Les Inuit ont travaillé sans relâche par l’intermédiaire d’organisations comme Makivvik pour obtenir ces excuses, mais ils manquent d’une représentation politique cohérente qui pourrait amplifier leurs voix et accélérer la justice.

Guérir et reconstruire

Les 45 millions de dollars en compensation représentent un pas vers la guérison, avec des fonds alloués à la revitalisation de la possession d’attelages de chiens, à la formation, à la nourriture, aux clôtures et aux initiatives de santé mentale.

Le président de Makivvik, Pita Aatami, a souligné que ce n’est qu’un début. Il espère que les excuses et la compensation permettront aux aînés qui ont enduré la douleur de perdre leurs chiens et leur mode de vie de clore ce triste chapitre. Moi, j’espère que ces fonds seront économisés pour fournir une source de revenus afin de renforcer la culture inuit pour de nombreuses générations.
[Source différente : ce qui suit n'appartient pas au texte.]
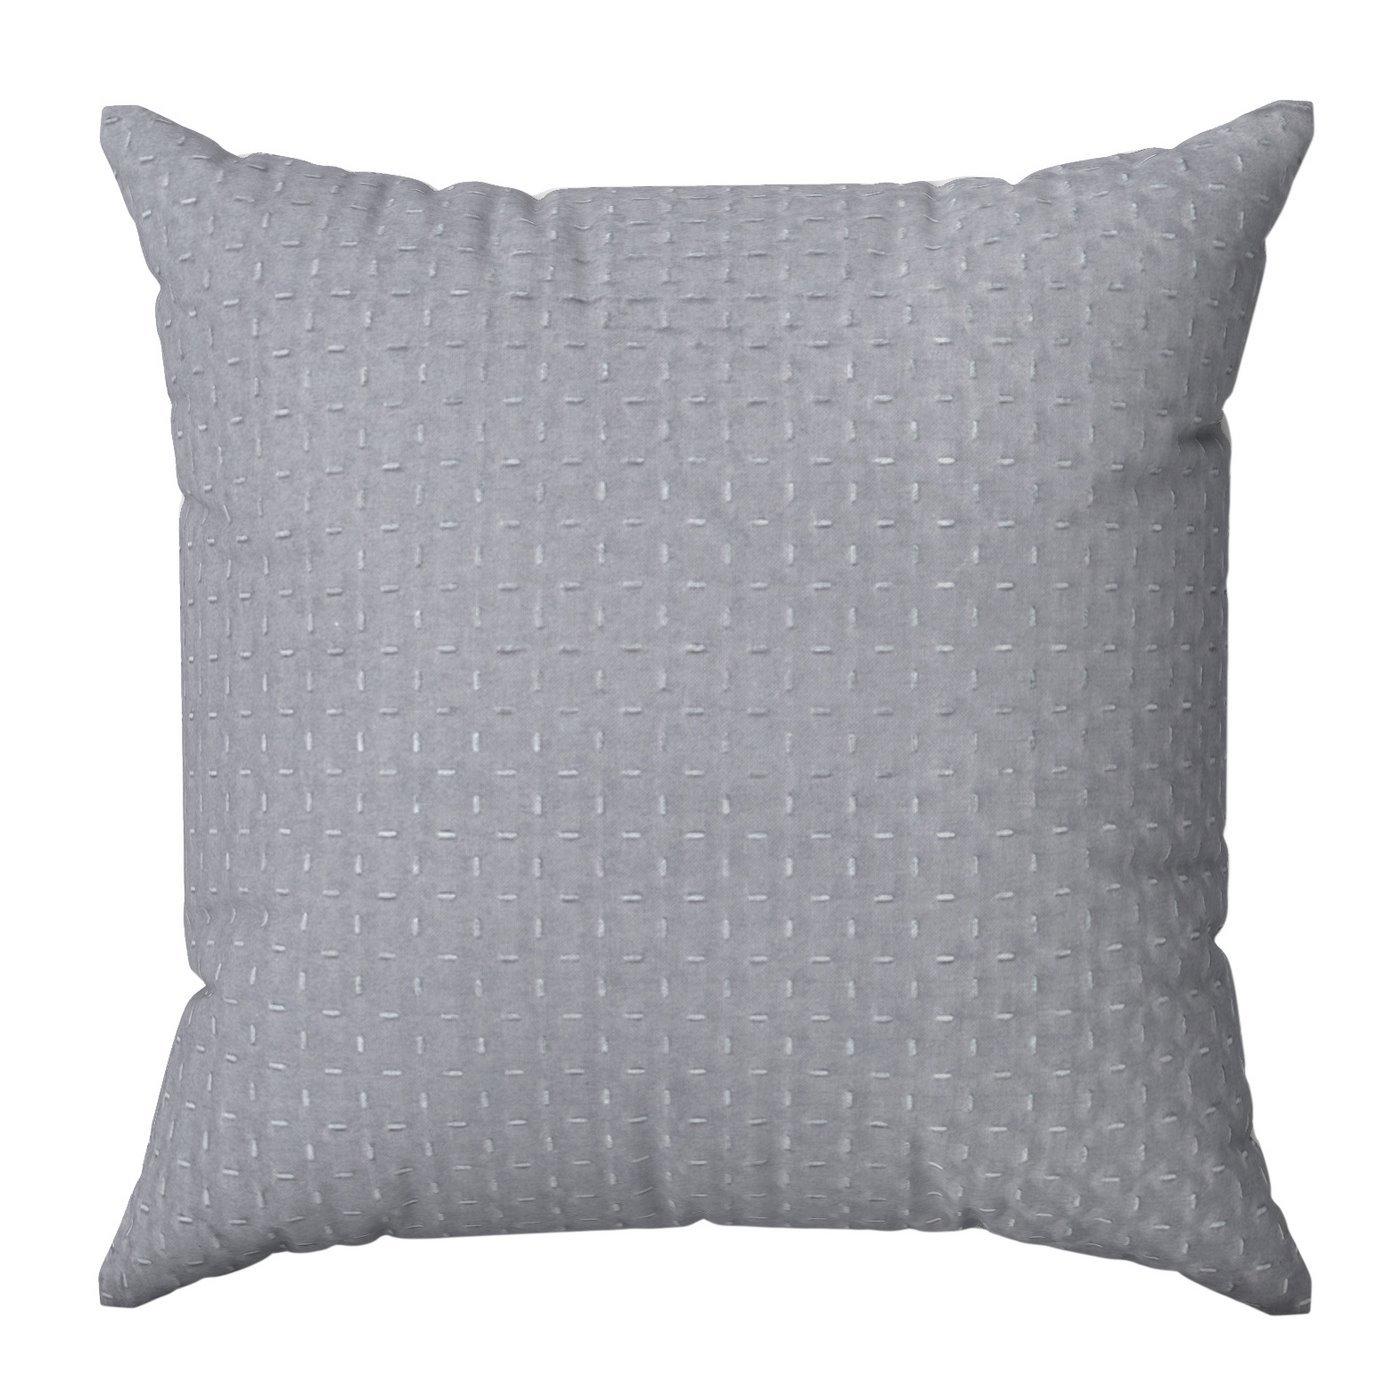 Poszewka na poduszkę pikowana hot press 40 x 40 cm srebrno-różowa

Cependant, le dénouement nécessitera plus que de l’argent et des paroles. Elle exigera un changement systémique, y compris la garantie que les voix inuit soient présentes à tous les niveaux du gouvernement. Sans députés inuit, leurs communautés doivent compter sur la bonne volonté des autres, ce qui n’est ni durable ni juste.
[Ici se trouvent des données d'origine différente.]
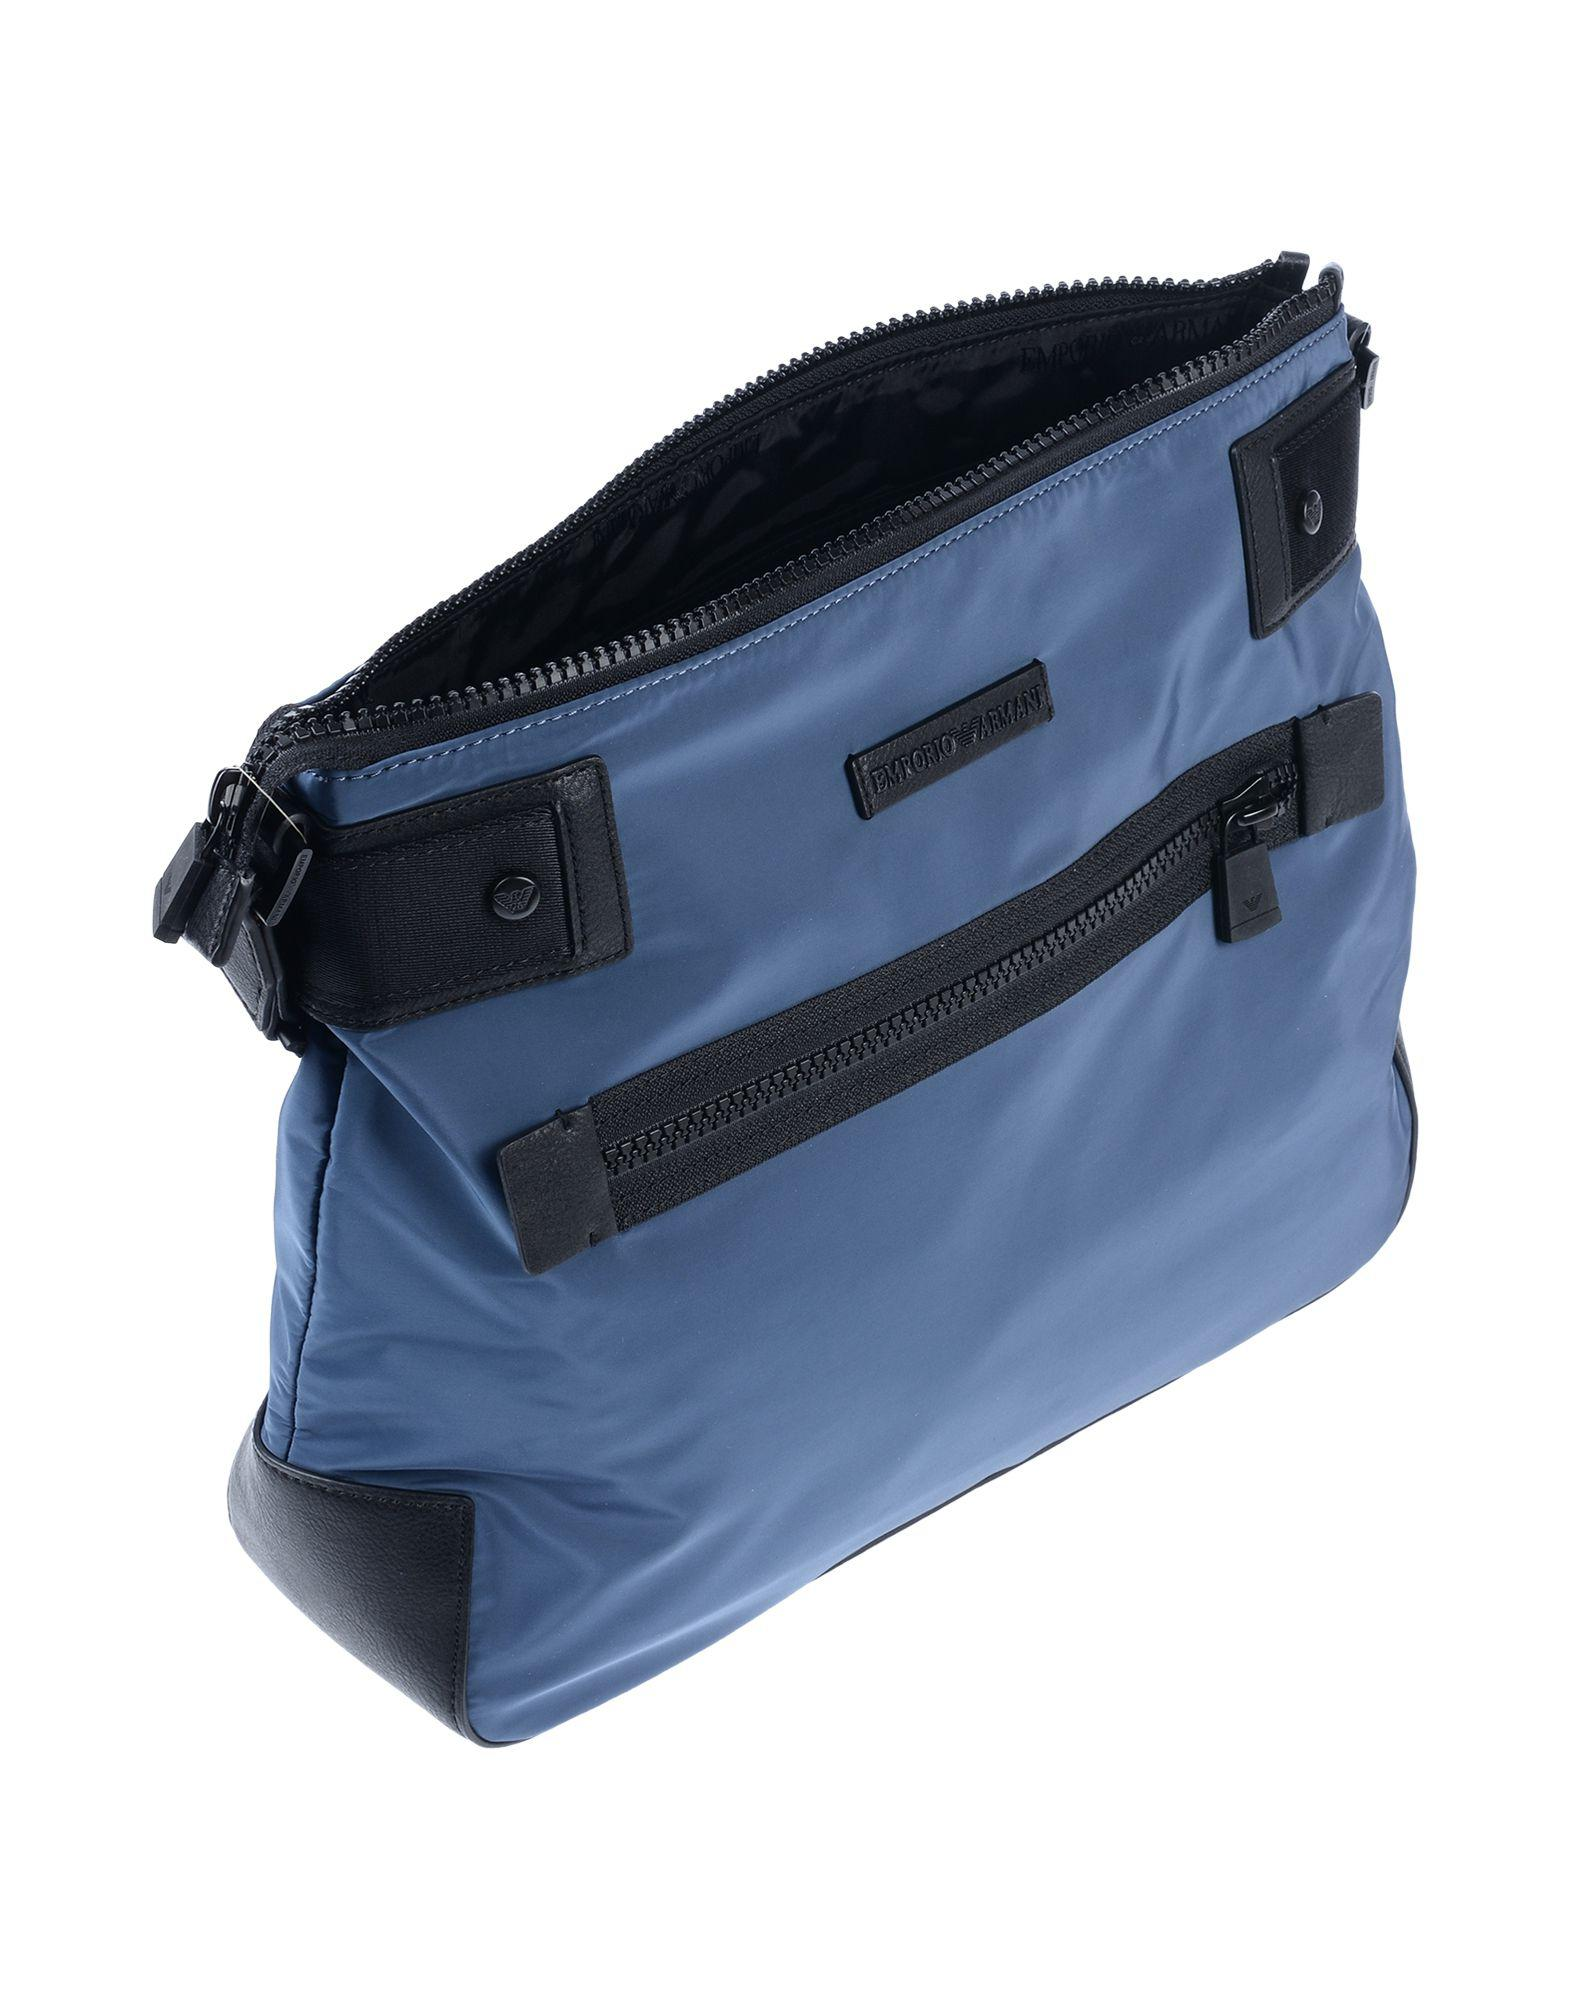 Lyst Emporio Armani Logo Strap Messenger Bag In Blue For Men 4312a69330fe8

Ces excuses arrivent à la fin des neuf années de mandat du gouvernement libéral. Bien qu’elles soient une étape importante, leur calendrier soulève des questions sur les priorités politiques. Pourquoi ces excuses ont-elles été retardées jusqu’à maintenant? Cette question aurait-elle pu être abordée plus tôt si la représentation inuit avait été intégrée au caucus du gouvernement?

Un appel à l’action

En tant qu’ancien député, j’ai constaté directement la différence qu’une représentation autochtone peut faire. Les Inuit méritent la même chose. Il est temps pour le Canada de s’assurer que les voix inuit ne soient pas seulement entendues, mais pleinement intégrées dans le processus politique. Les excuses pour le massacre des chiens de traîneau sont un pas en avant, mais elles doivent également servir de signal d’alarme.
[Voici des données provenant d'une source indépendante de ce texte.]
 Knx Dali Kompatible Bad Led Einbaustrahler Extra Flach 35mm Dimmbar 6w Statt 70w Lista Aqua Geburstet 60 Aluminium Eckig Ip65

La représentation ne concerne pas seulement l’inclusion, elle est une question de justice. Il s’agit de garantir que les peuples autochtones, y compris les Inuit, aient le pouvoir de défendre leurs communautés et de traiter les torts historiques. Que ces excuses soient un catalyseur de changement au sein des partis politiques pour nommer des candidats inuit, et non simplement un moment de réflexion.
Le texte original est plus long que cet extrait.